You may have noticed in my picture up there that I have pink hair. Yes, it’s a cartoon, but the color is accurate. There are some perks about having hair like mine that you may not have considered.
First of all, it’s really easy for my friends to spot me in a crowd. This comes in very handy if we get separated. If they need to enlist the help of a third party to search for me, they don’t need to remember what color my shirt is, or figure out my height. Just “the one with the pink hair” is enough.
People also remember me very easily. If you've seen me once in the last year or so, you’ll recognize me every time you see me. Since I’m not a dick to retail workers, this means that they remember me as “that nice lady with the pink hair,” and are nice to me next time they see me.

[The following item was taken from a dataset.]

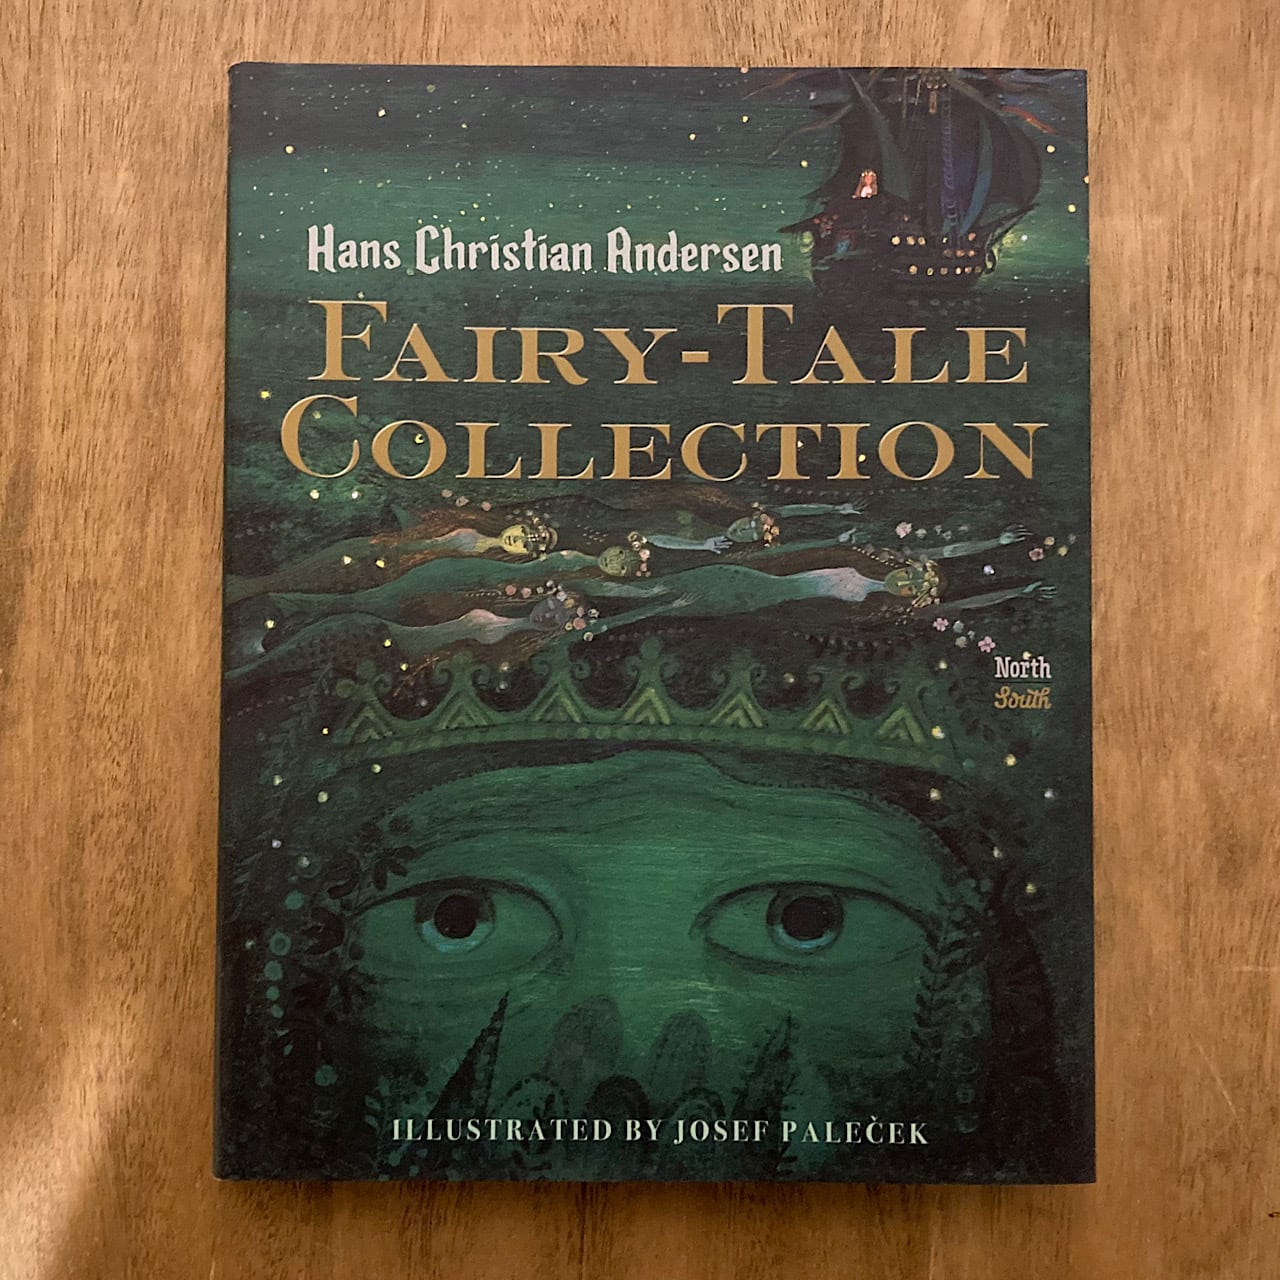 Hans Christian Andersen Fairy Tale Collection | 素敵な洋書の絵本の

There are two different cart wranglers at my local grocery store who, when they spot my son and me in the parking lot, will dig through all the carts to grab us one of those awful car carts that my son likes without us even asking.

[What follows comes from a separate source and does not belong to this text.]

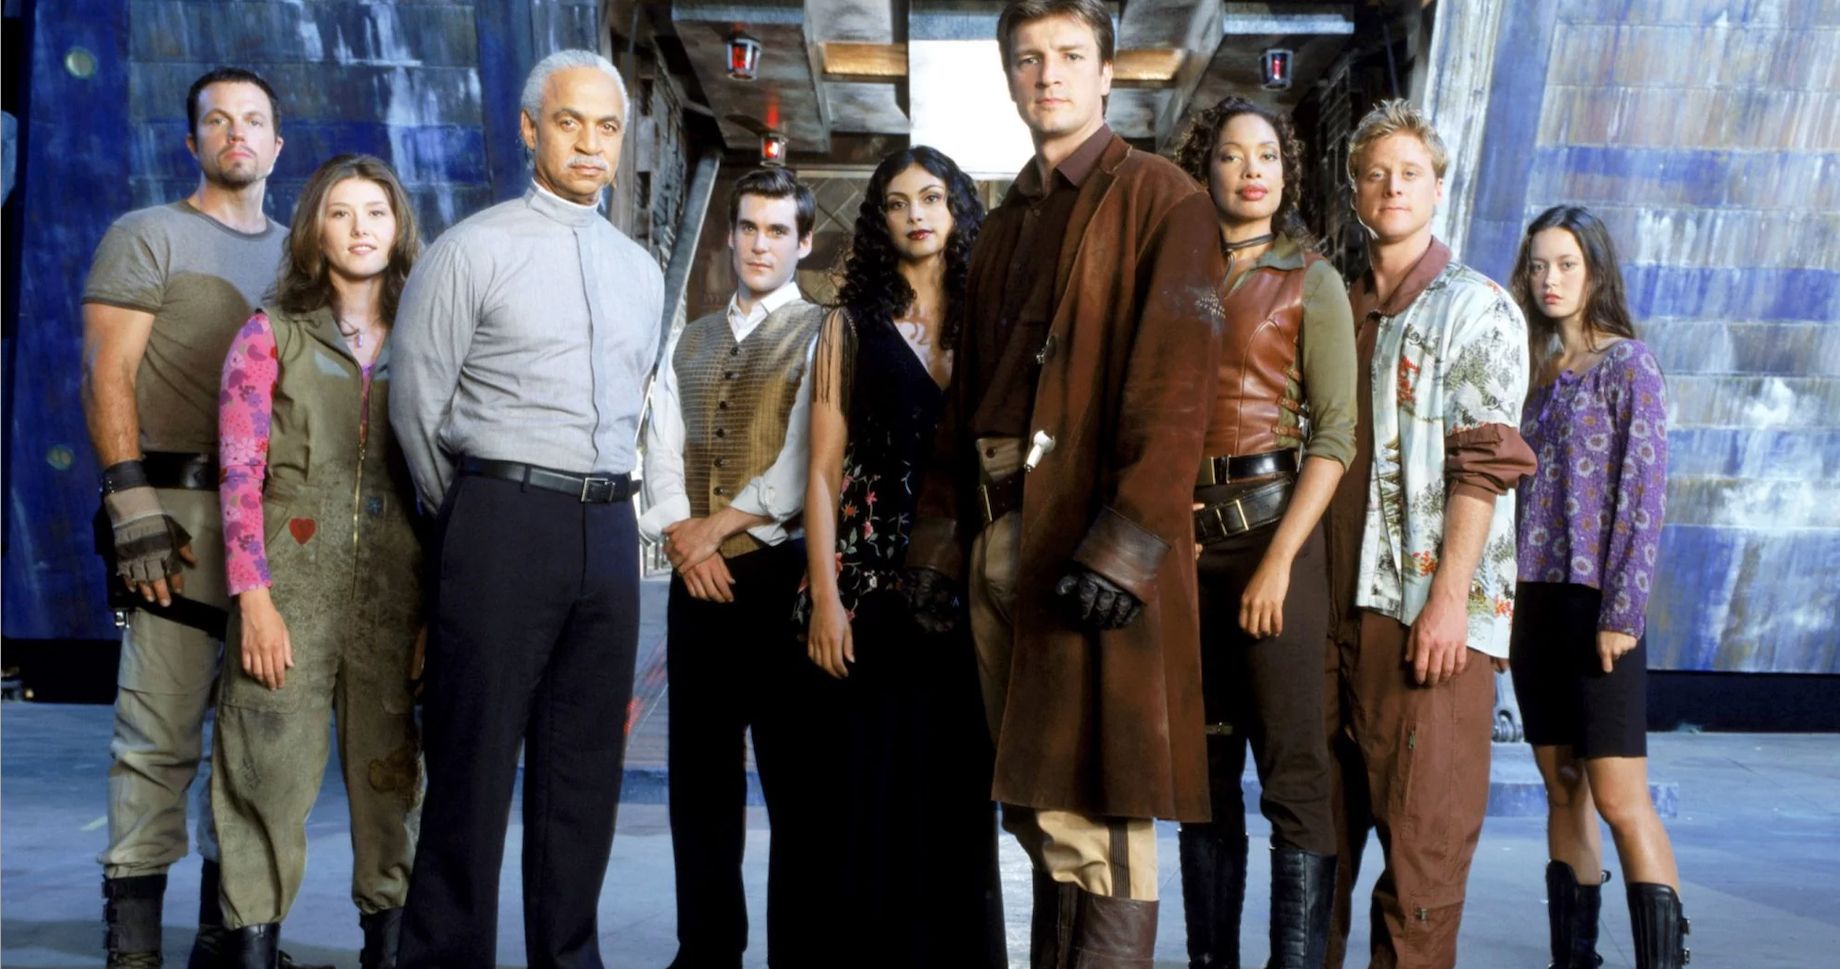 Firefly Writer Claims Joss Whedon Liked to Boast About Making Female Writers Cry

Ever find a hair in your food? It’s pretty disgusting, and even if it’s the same length and color as yours, you can never be sure. Not me. If I find a pink hair in my food, I know it’s mine, and I can just pull it out and keep eating without wondering (or dry-heaving).
Lastly, it keeps me safe from serial killers. Seriously, hear me out. Have you ever watched “Criminal Minds”? Serial killers always have a type that they’re looking for (usually someone who looks like their mother). Sometimes the lady cops on other shows have to go under cover as a bait to draw the killer out, and nine times out of ten, they put on a blonde wig. Pink hair is never the type the killer is looking for. So I can breathe easy.
If you're on the fence about coloring you hair, I hope this makes your decision easier. Really, the only down side is that I have to use a dedicated hair towel (and red pillowcases).